All sequencing methods are about determining the order of individual nucleotides A, C, G, T (or U) in a DNA or RNA molecule. RNA sequencing requires some additional preparation steps compared to DNA sequencing. In the final preparation step the RNA is converted to DNA and it is this DNA that is finally sequenced. Therefore, the principle
of RNA sequencing is not different from DNA sequencing and no further distinction between the two will be made in this article.

More and more sequencing innovations have been made in recent years, together with the decreasing cost, this has resulted in a dramatic increase of the applications where sequencing is used. For instance, in public health settings it is now the dominant typing method, and it is even replacing many characterization methods such as serotyping,
virulence profiling and antimicrobial resistance determination.

In recent years, an increasing usage of sequencing technology in microbiology has been observed. The investigation of pathogens is leading the way, but is followed by many other applications, including the research of spoilage organisms. The number of bacterial sequences being deposited in public repositories such as National Center  for Biotechnology Information (NCBI), a US public repository of sequences and raw sequencing data is still increasing exponentially.

All sequencing processes following 4 main steps:  1) experimental design, 2) sequencing (wet lab), 3) data management, and 4) data analysis). This article will explore the technologies behind step 2, bacterial sequencing in the lab including some implications for the other steps. A correct experimental design cannot be done without knowledge and understanding of these techniques.

 

sequencing technology in microbiology

 

Different Sequencing Technologies

How it works
Bacterial genomes range, on average, from 3 to 5 million base pairs. It would be great to have a technique that could handle this complete DNA molecule, but this is simply not possible yet. So as a first step, the DNA molecule needs to be broken down into smaller pieces to make it more manageable. These smaller pieces, also called reads, will then be sequenced separately, and reassembled using data analysis. Different technologies break the bacterial strain into larger or smaller pieces, but they all follow similar processes.


Traditional sequencing
With the traditional Sanger sequencing, the process required a huge amount of manual work, with each individual fragment needing to be amplified and or purified and placed on the sequencer individually. The method is based on the synthesis of DNA using a small portion of modified nucleotides that contain a colored marker (distinct color per nucleotide) and terminate the synthesis. If this is repeated enough, each position will have one of these modified nucleotides incorporated and you have fragments ending at every position of your sequence colored according to their last nucleotide. If all fragments are now sorted according to size, reading their colors will result in the DNA sequence.

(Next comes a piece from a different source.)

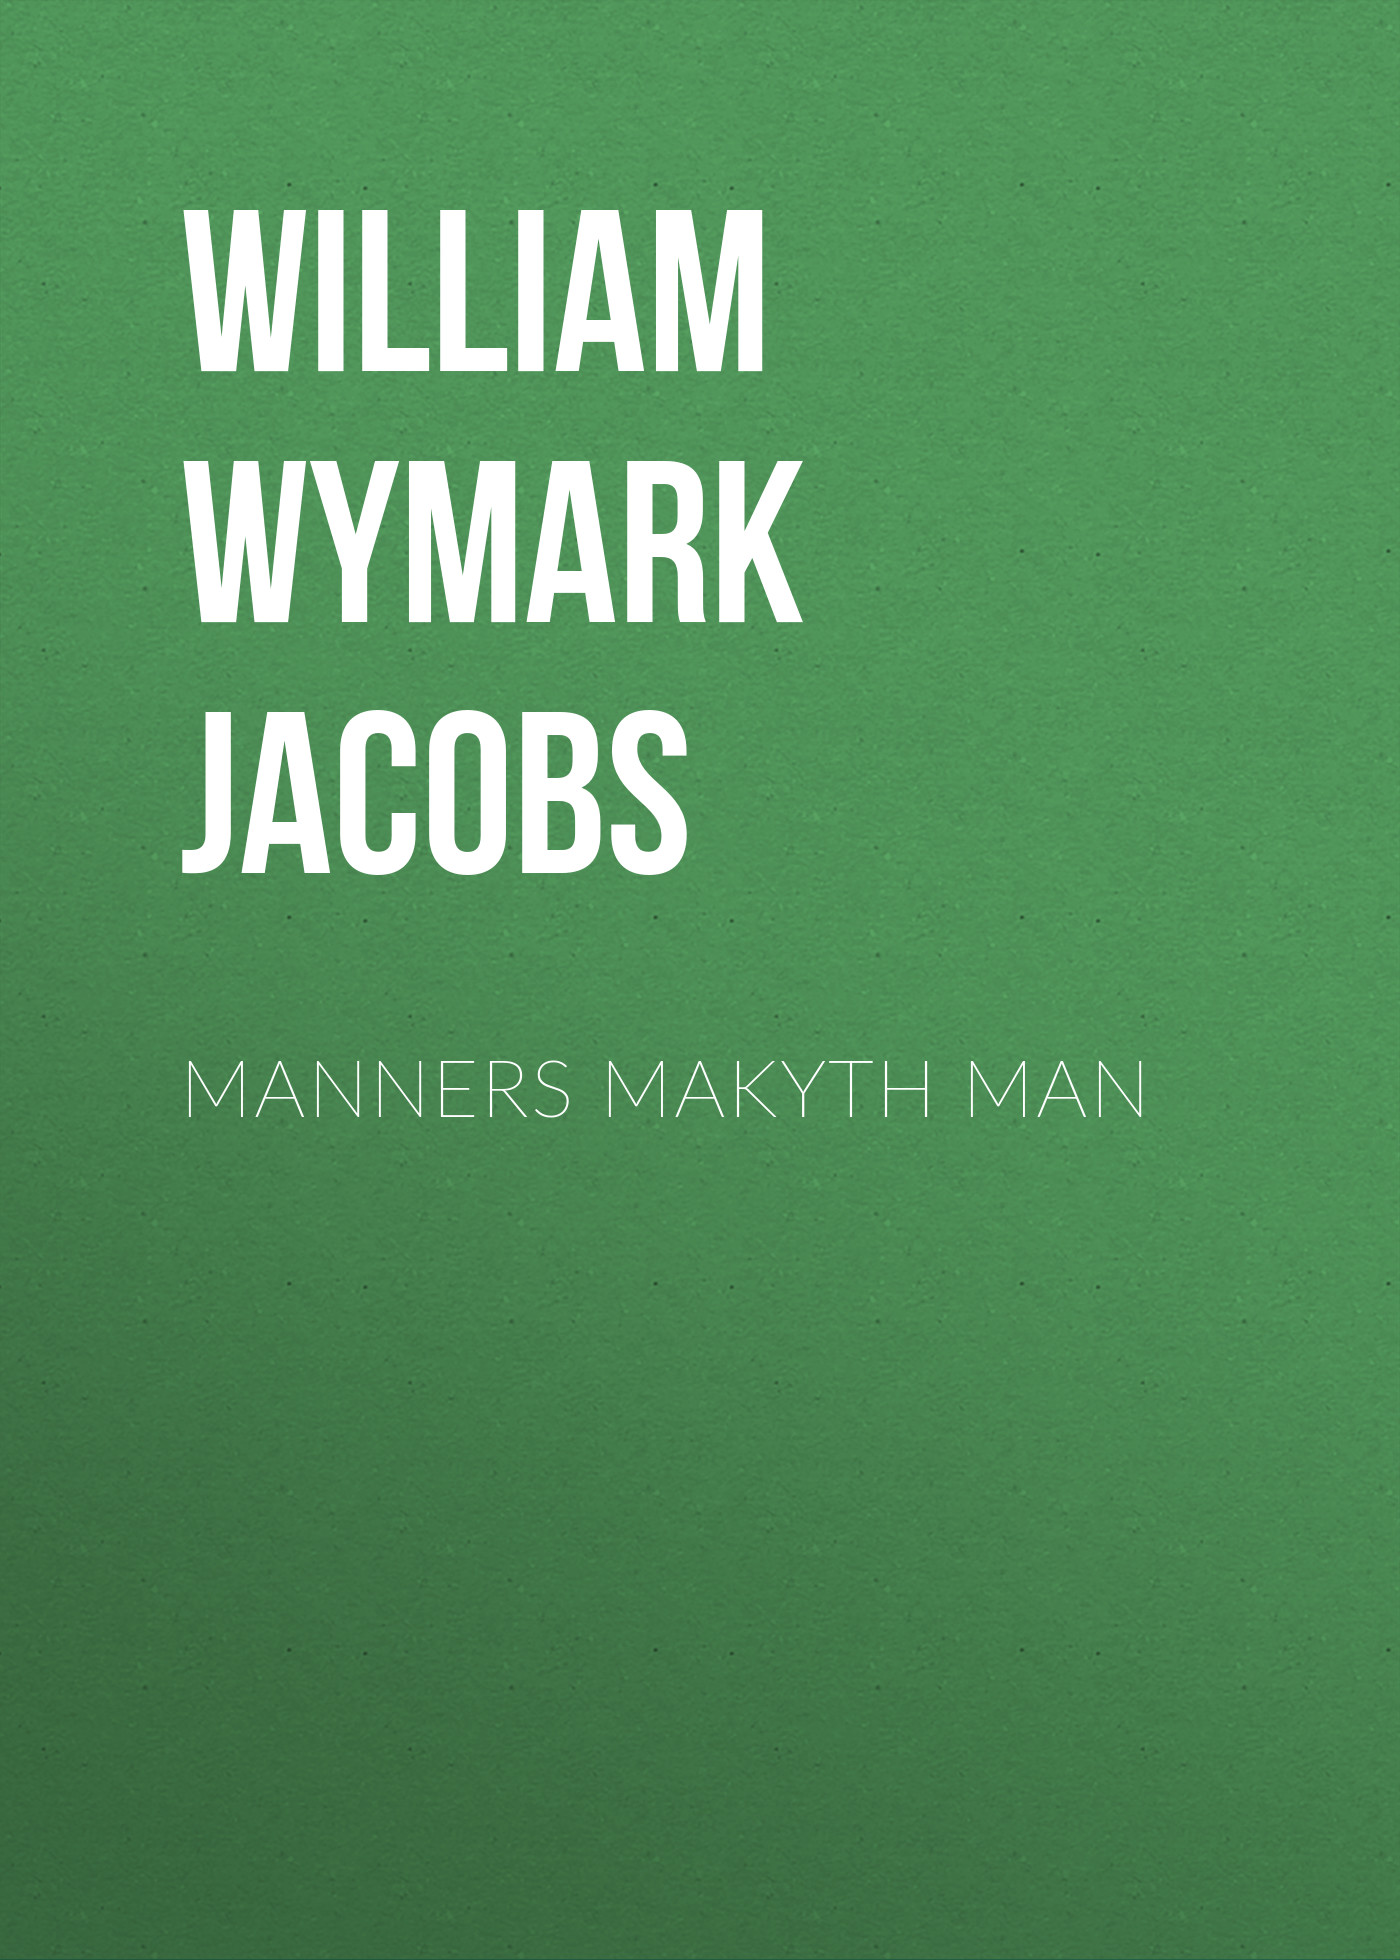 Книга Manners Makyth Man из серии , созданная William Wymark Jacobs, может относится к жанру Зарубежная классика, Зарубежная старинная литература. Стоимость электронной книги Manners Makyth Man с идентификатором 34841726 составляет 0 руб.

DNA fragments with Dye terminators Only fragments of around 500 to 1500 base pairs could be sequenced this way and it also requires a primer sequence that binds to the start of the fragment you are sequencing. For the first genomes, completely sequenced using Sanger, the end of each sequenced fragment was used as the beginning of the next requiring multiple cycles of primer design, amplification, and sequencing. This approach therefore has a high cost and time to result. Next Generation Sequencing (NGS), also called High Throughput Sequencing, has a much higher throughput, and allows for the simultaneous sequencing of many of these smaller pieces. All pieces of a human genome can be sequenced together, for bacterial genomes it is even possible to sequence the pieces of several genomes simultaneously. This dramatically reduces the amount of manual work and therefore the cost.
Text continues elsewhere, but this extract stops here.